From: Stefan Monnier
Subject: [OFFTOPIC] Re: Represent NTP's origin time
Date: Sat, 17 Apr 2021 12:54:59 -0400
User-agent: Gnus/5.13 (Gnus v5.13) Emacs/28.0.50 (gnu/linux)

>> The support for 64bit time_t on 32bit platforms is quite old by now
>> actually, but it hasn't seen as much uptake as initially envisioned for
>> whatever reasons.  So in effect those platforms have announced their EOL
>> and you should move off them.

IIUC the issue is that the ripple effects of the change are non-trivial:
lots and lots of APIs include a time_t somewhere (where recompilation
leads to an incompatible ABI).  So changing time_t ends up requiring
recompiling (or, from the users's PoV upgrading) lots and lots of
packages, plus a lot of work to figure out which packages need
recompiling and which don't.  So the alternative of making a completely
new port is not much worse (implies more recompilation, admittedly, but
completely avoids the need to figure out which packages need
recompilation).

[ IIUC for i386 the plan for Debian is indeed to hope that the port will
  die before the 32bit limit becomes really unbearable.  Not sure what
  will happen with the ports for smaller systems where the move from
  32bit to 64bit is much younger (e.g. armhf).  ]

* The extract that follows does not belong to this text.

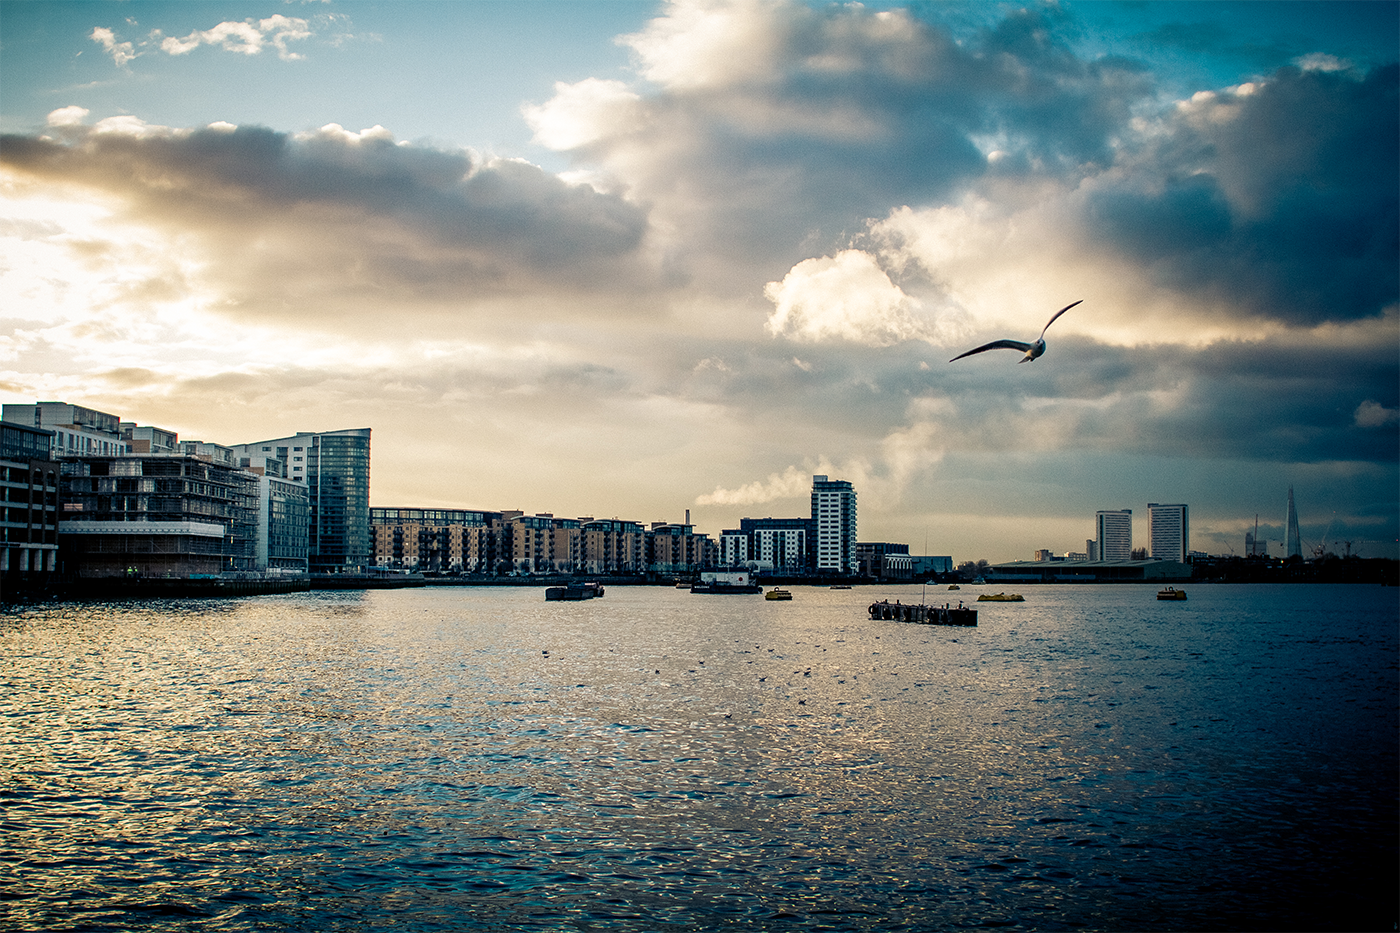 London city streets great britain Urban monuments SKY bridge birds londyn top view water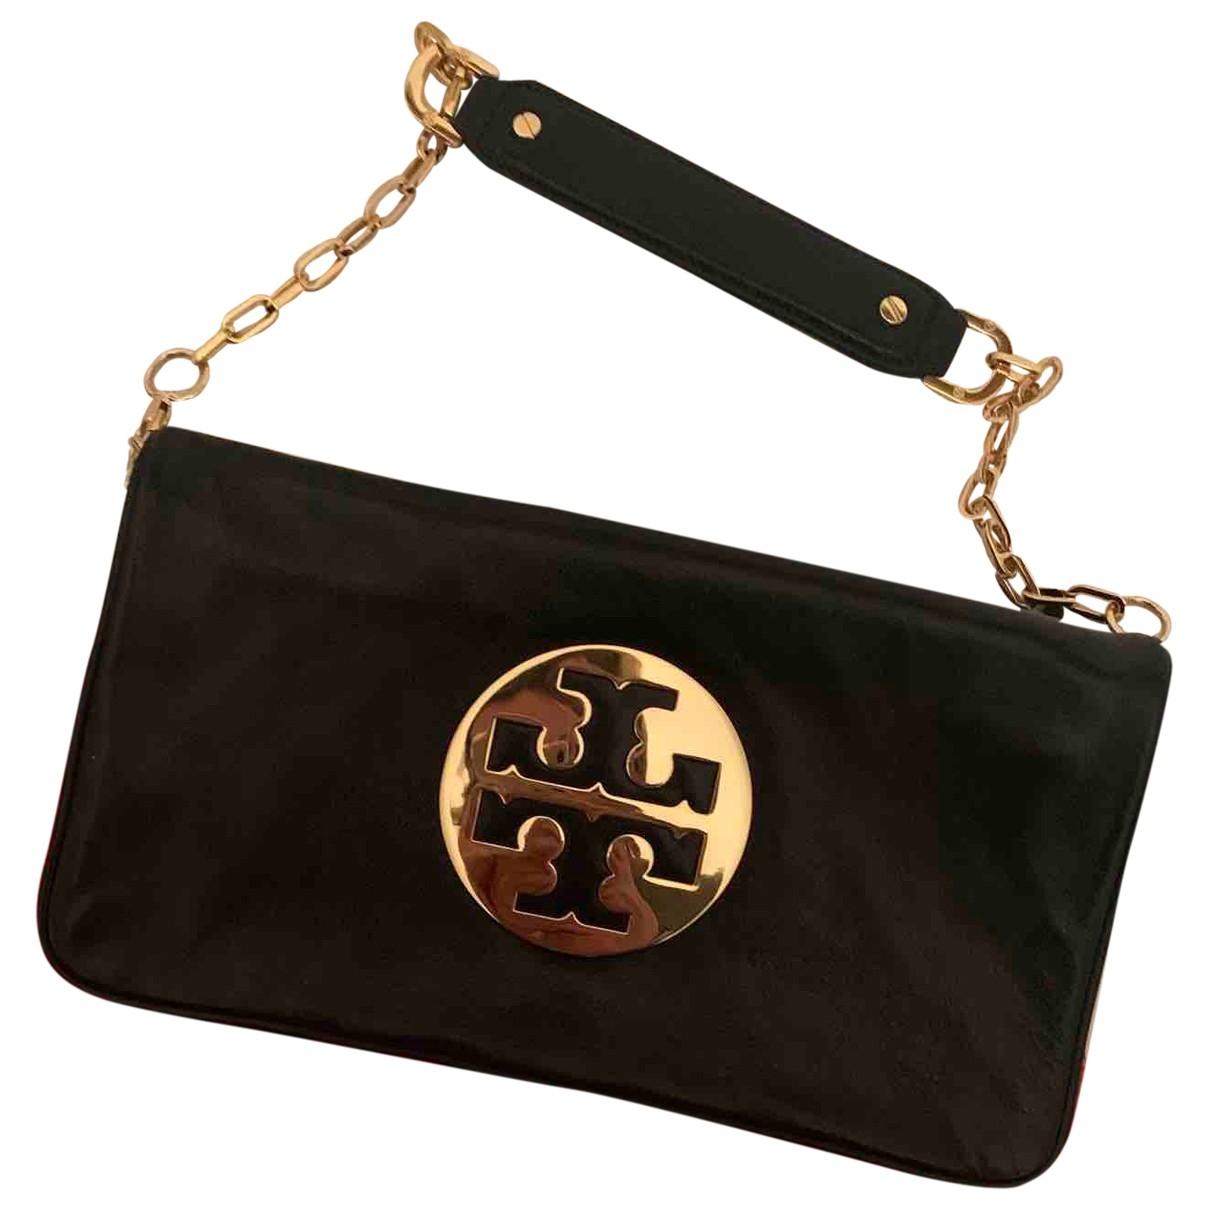 Tory Burch \N Black Leather Clutch bag for Women \N

>> > The *BSDs and Linux (beyond kernel 5.6ish) do support 64 bit time_t
>> > in their 32 bit variants: perhaps this is an orientation.
>> I have no 32bit system left that can run a modern enough Linux kernel
>> and doesn't also support 64bit, so once I update those will not be 32bit
>> anymore.

FWIW, I use an amd64 kernel with a i386 Debian install on most of my machines.

> (I'd bet that Stefan's hardware is still 32 bit :)

I do still own several machines with a 32bit-only CPU:
- two armhf SBCs (both using the Allwinner A20 CPU) which I use as
  always-on servers.
- my old Thinkpad X30, which I use as "PDF to VGA adapter" when I teach.
- an old Thinkpad X60 which was supposed to replace the X30 but which I end up
  not using because the X30 still works well enough.
- my DSL modem/router (running a `mips` port of OpenWRT; a rare big-endian 
machine ;-)
- my smartphone
- my tablet

Admittedly, I don't use Debian on the last 3.

I also own 3 more machines which had a 32bit-only CPU (Core Duo)
originally but in which I retrofitted Core 2 Duos.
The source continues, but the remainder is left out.